## Work to complete
Without the images, repeat every line of the listing exactly.

## The data
'''

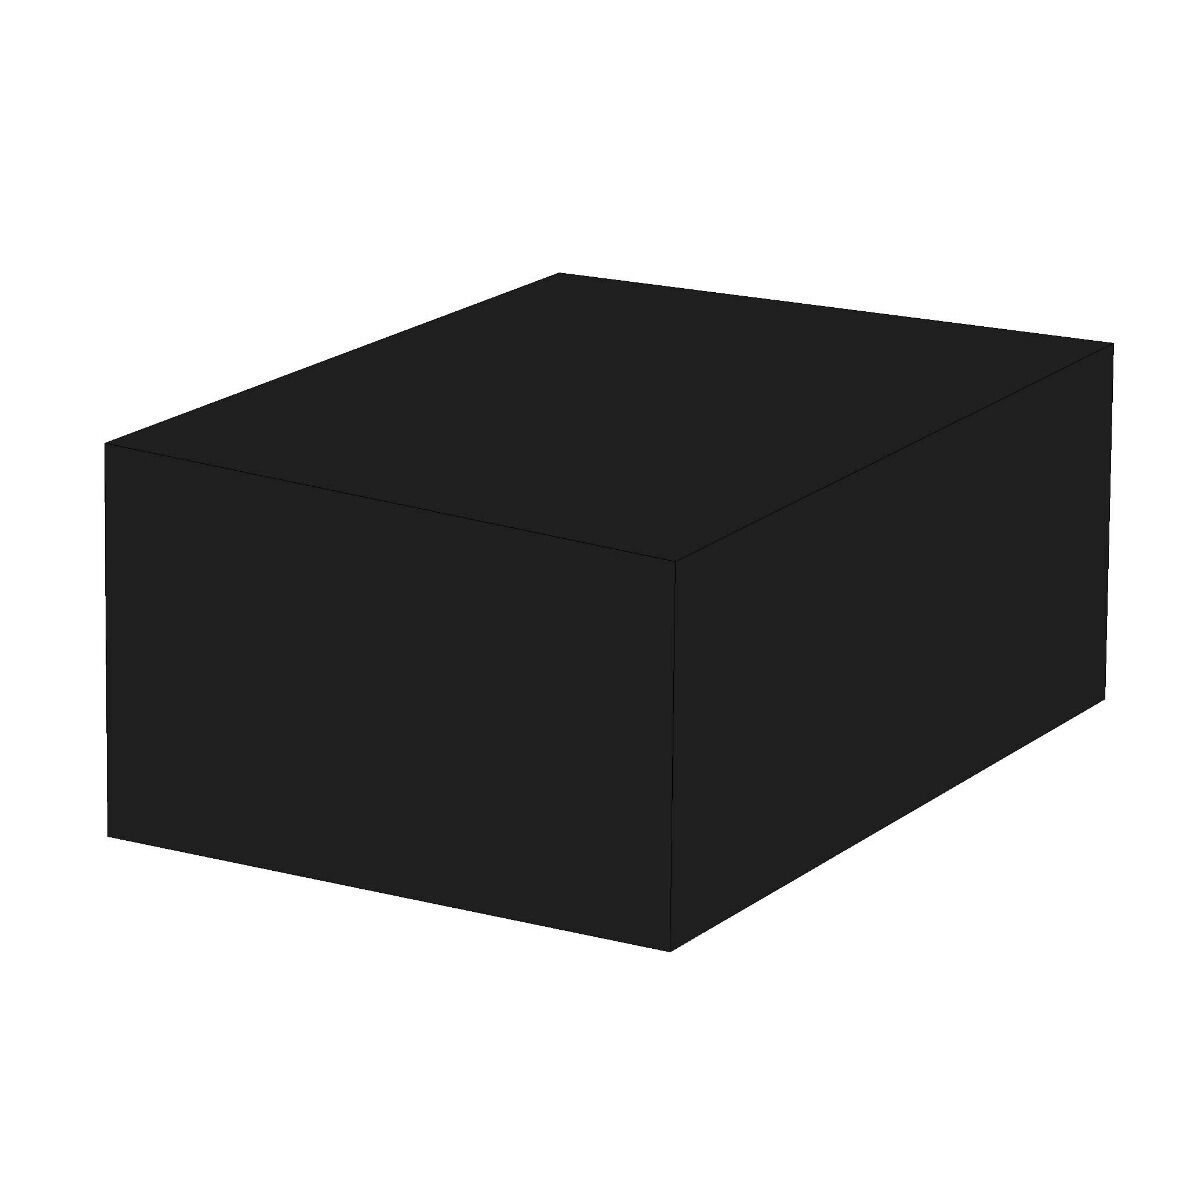 cov-6seat-cube-sq3.jpg
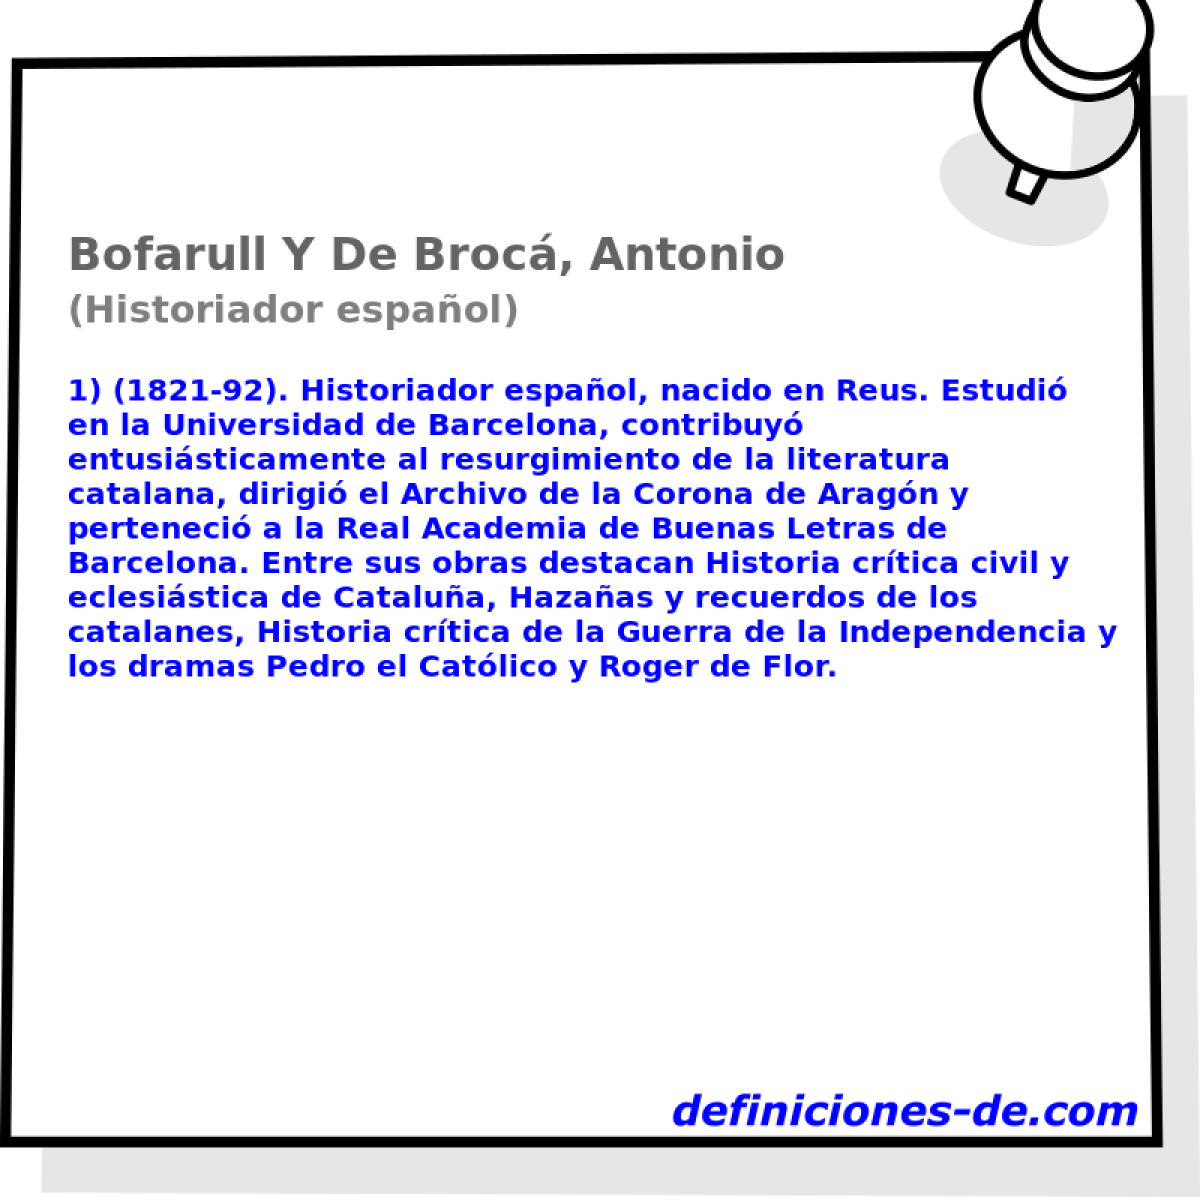 Bofarull Y De Broc, Antonio (Historiador espaol)
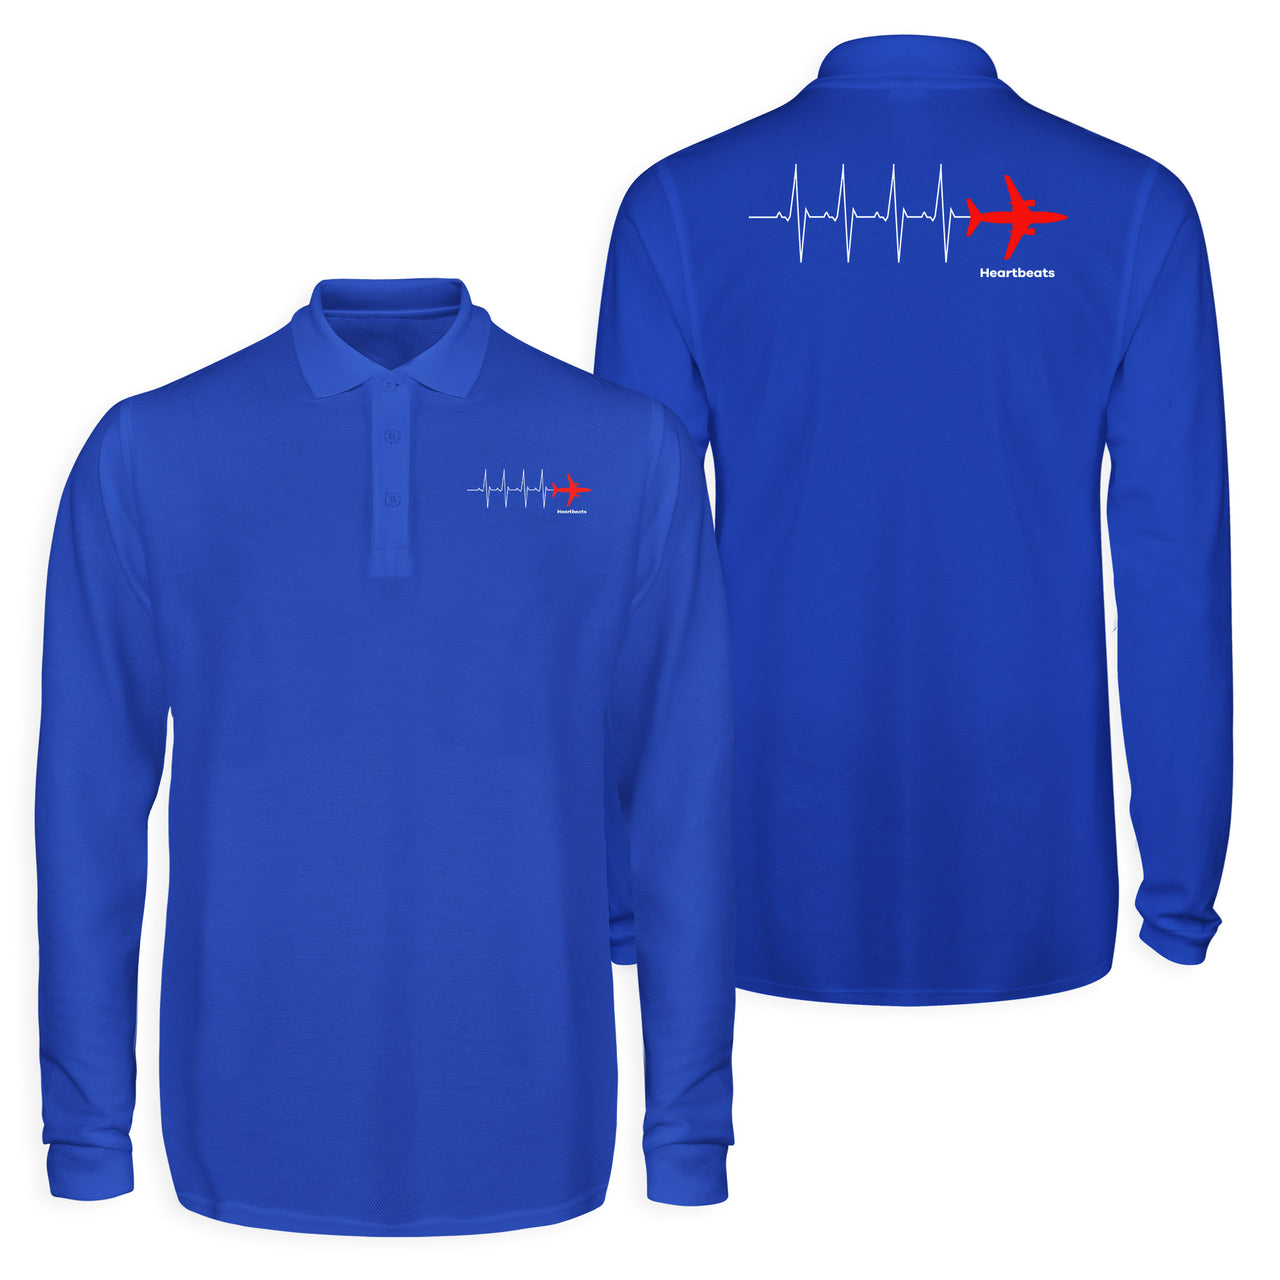 Aviation Heartbeats Designed Long Sleeve Polo T-Shirts (Double-Side)

'''

## Task response
 cov-6seat-cube-sq3.jpg
 Bofarull Y De Broc, Antonio (Historiador espaol)
 Aviation Heartbeats Designed Long Sleeve Polo T-Shirts (Double-Side)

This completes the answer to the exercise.